Bill maintained an active research career even after retirement and much of his work was truly pioneering. His eady studies on least-squares analysis of pulsating star light curves laid the foundation for the period searching techniques commonly used today. In the 1950s he obtained high-dispersion spectra of chemically peculiar stars and searched for rotational variability. With Moorhead and Lowe he observed abundances in the Orion Nebula using the 1.2-meter telescope. Using the Michelson dynamic interferometer on the CFHT in 1986 he set important limits to the abundance of HeH+ in the planetary nebula NGC 7027.

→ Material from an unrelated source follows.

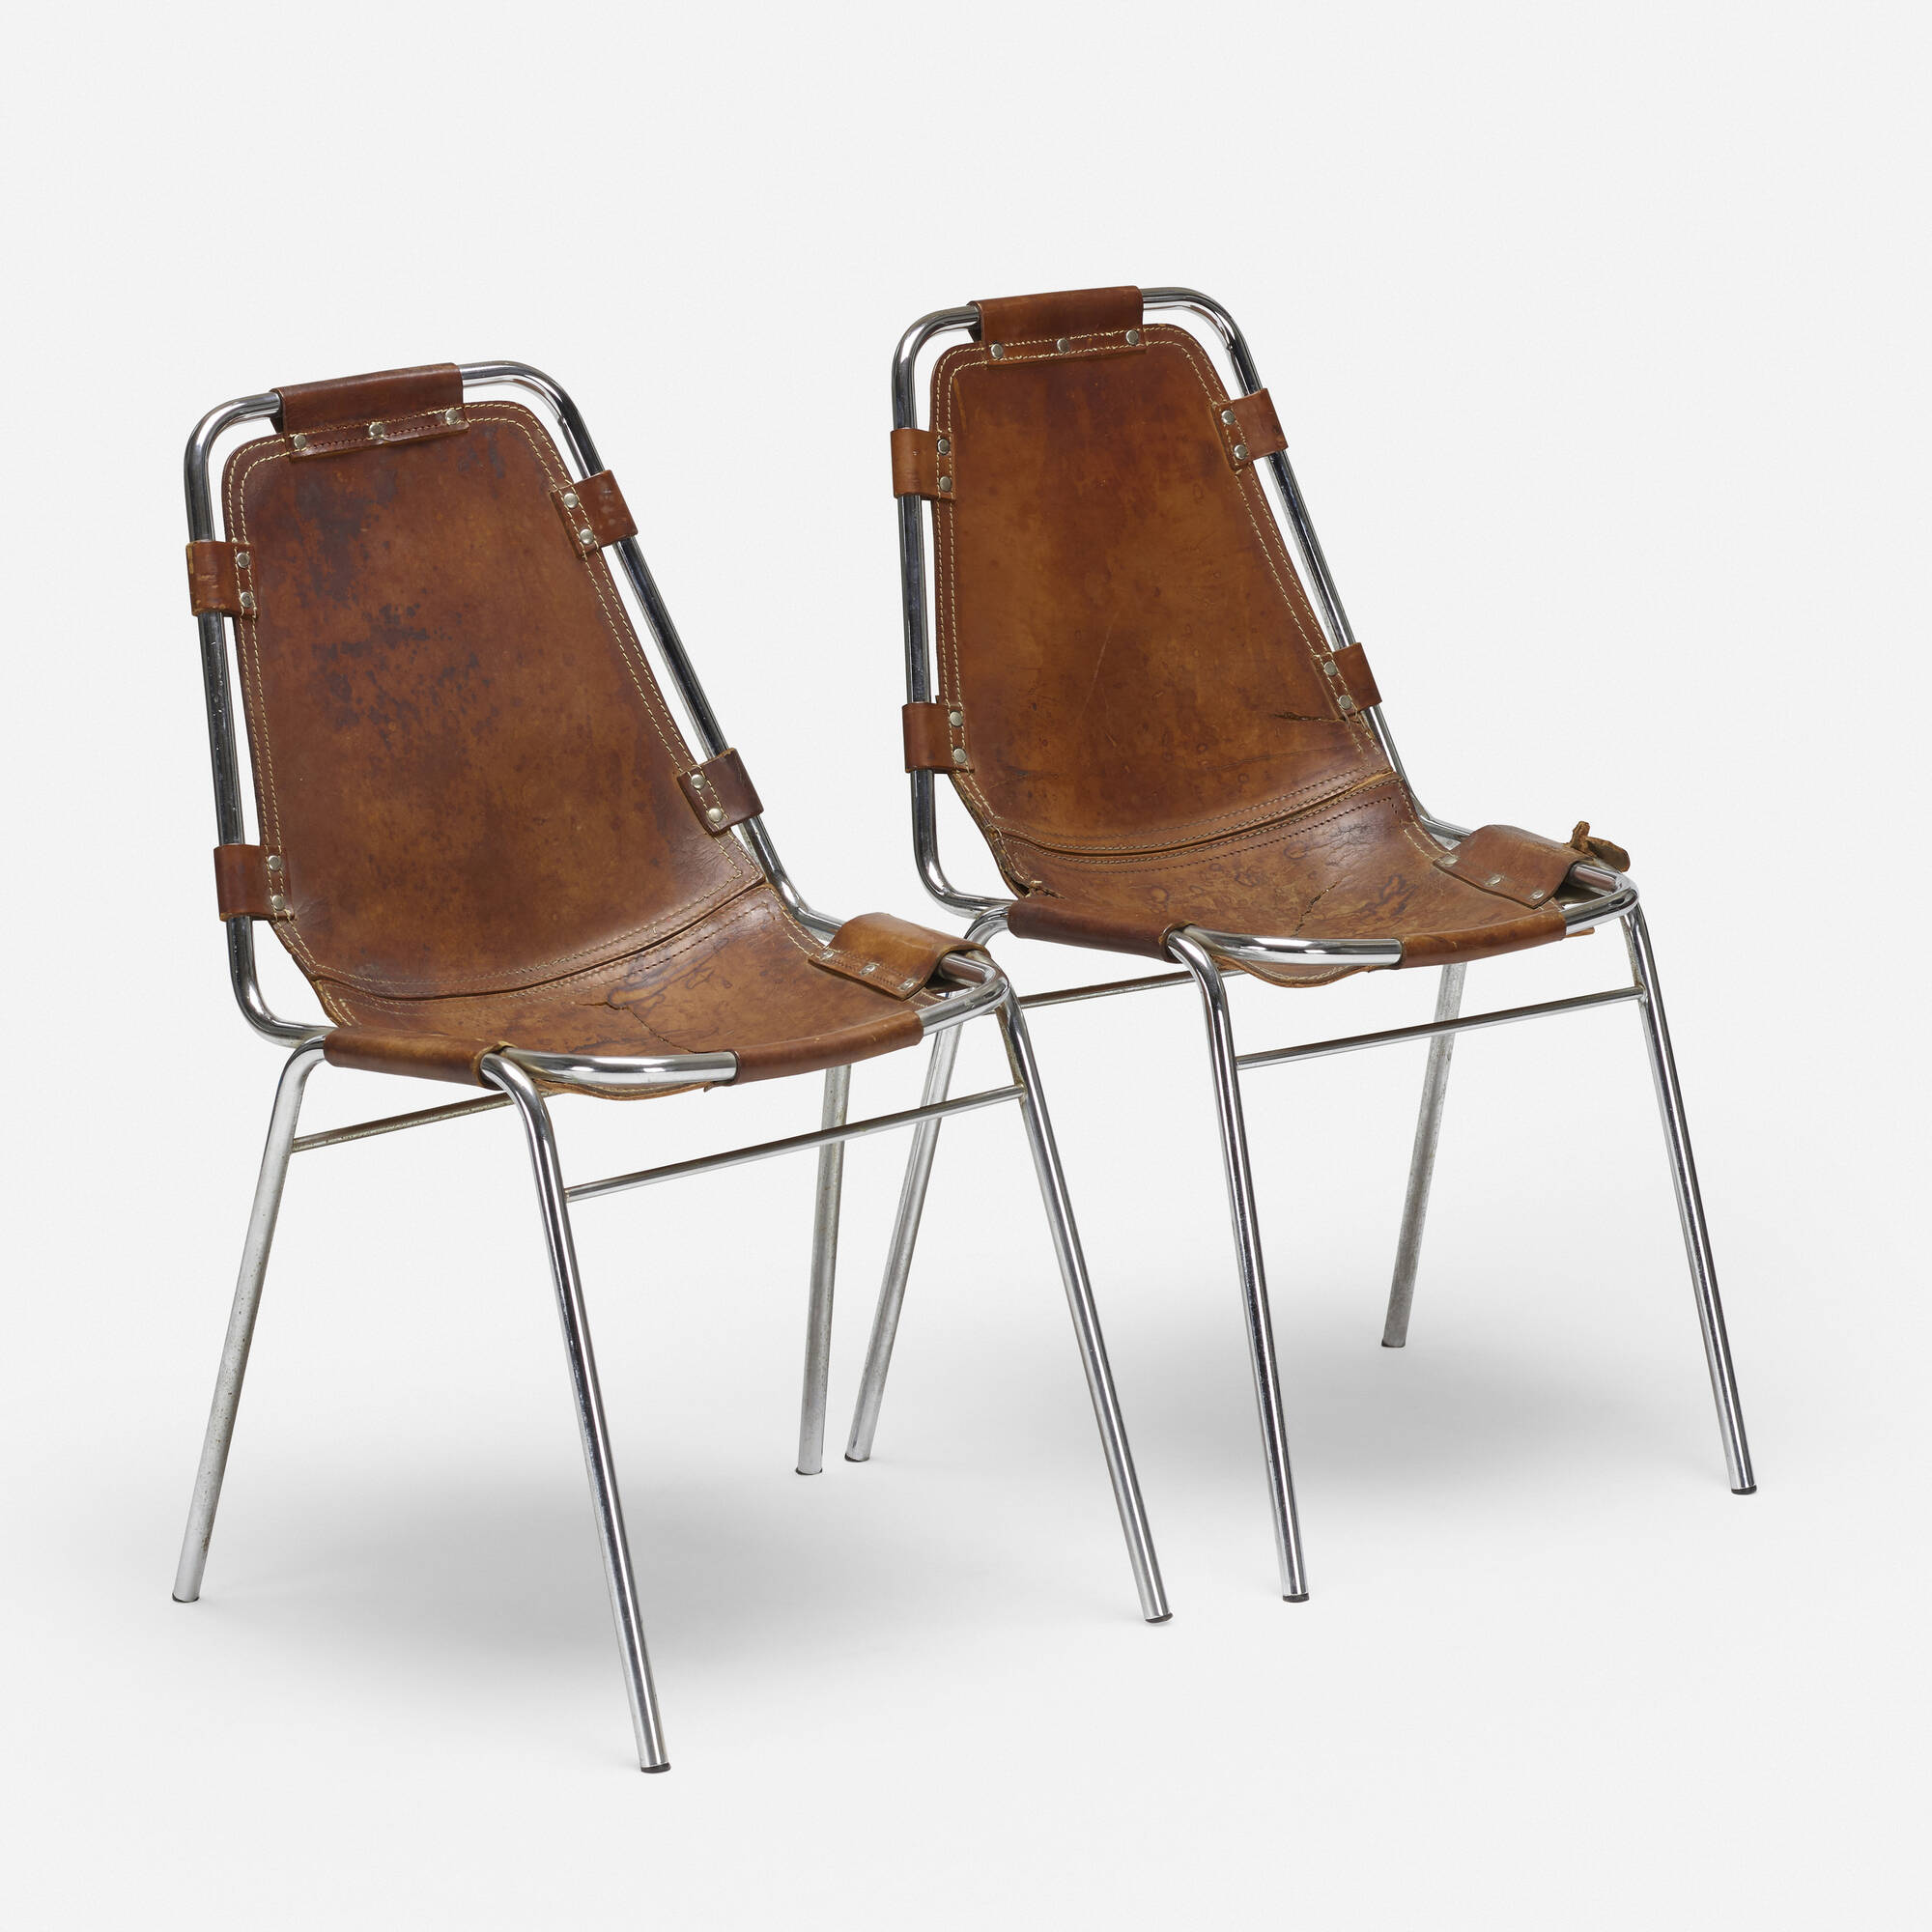 261: CHARLOTTE PERRIAND, dining chairs from Les Arcs, pair < Art +

In the 1980s, Bill's interest and experience in stellar pulsation and chemical peculiarity finally converged in the study of the rapidly oscillating Ap stars. He was one of the first to recognize the potential diagnostic power of this new class of rapid variables, while many astronomers remained skeptical about their reality. Bill's efforts to map the surface abundances of Ap (CP2) stars were pioneering. He had always shown great respect and admiration for the work of Armin Deutsch and his attempts to develop a technique for surface mapping of Ap stars. As he had for roAp stars later in his career, Bill had the knack to recognize a potential astrophysical goldmine, taking a very early interest in looking for the line profile variations that should be visible because of the non-homogeneous distribution of abundances on the surfaces of Ap stars. At a meeting on Ap stars held in Baltimore in 1967, he delivered a paper on Chi Serpentis where he mentioned looking for the expected line profile effects in his photographic spectra. Subsequently he was involved in one of the two major efforts to apply Deutsch's method to other Ap stars.

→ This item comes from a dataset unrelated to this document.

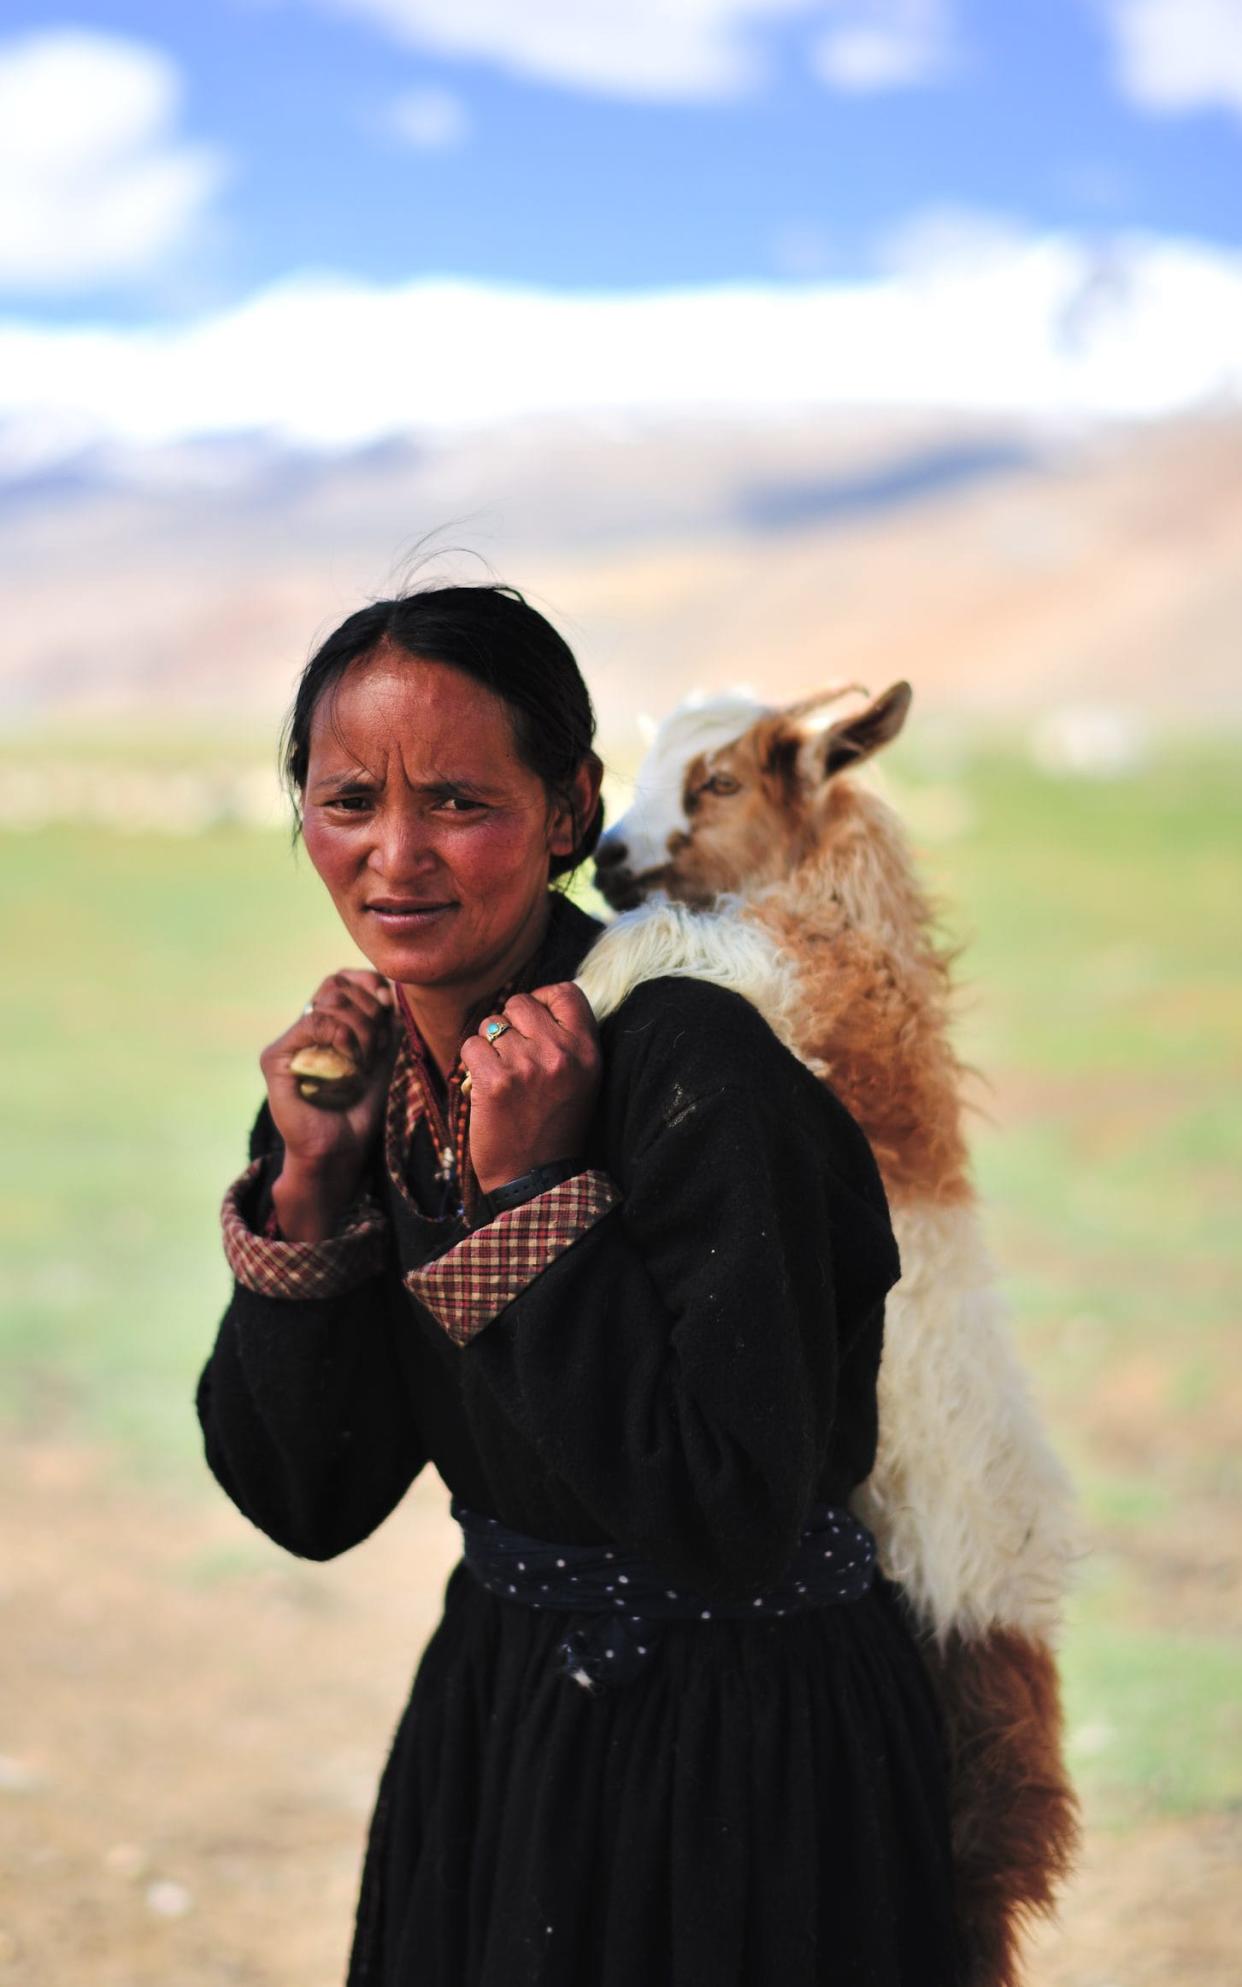 A Changpa nomadic lady carries a much-prized baby goat - DAVID DE VLEESCHAUWER

In 1974, Bill and Alfred Falk published a paper applying the Deutsch technique to line profile variations, with the hope of recovering information about a star's surface. The poor quality of the photographic spectra prevented the idea from being properly tested. In 1979 Russian astronomers who were developing digital computer techniques to invert the information in stellar line profiles to obtain surface structure asked Bill and his former graduate student, John Rice of Brandon University, to obtain high signal to noise spectra of Ap stars with electronic detectors at high resolution to test their program. Thus began a very productive international collaboration which eventually expanded beyond Canada and Russia to include Austria, Finland and the U. S., and produced a series of papers with maps of surface abundance and temperature for both hot and cool stars. Bill was an active member of two IAU Commissions and at the time of his death was President of the Working Group on Ap and Related Stars.
In addition to his life in science Bill enjoyed a very close family life. He is survived by his wife Amelia, also an astronomer, his four children, Ruth, Jeanne, David and Alice, and two grandchildren. We have lost a great friend. Not only was Bill a pioneer in science but he quietly helped Canadian astronomy maintain its place on the international stage.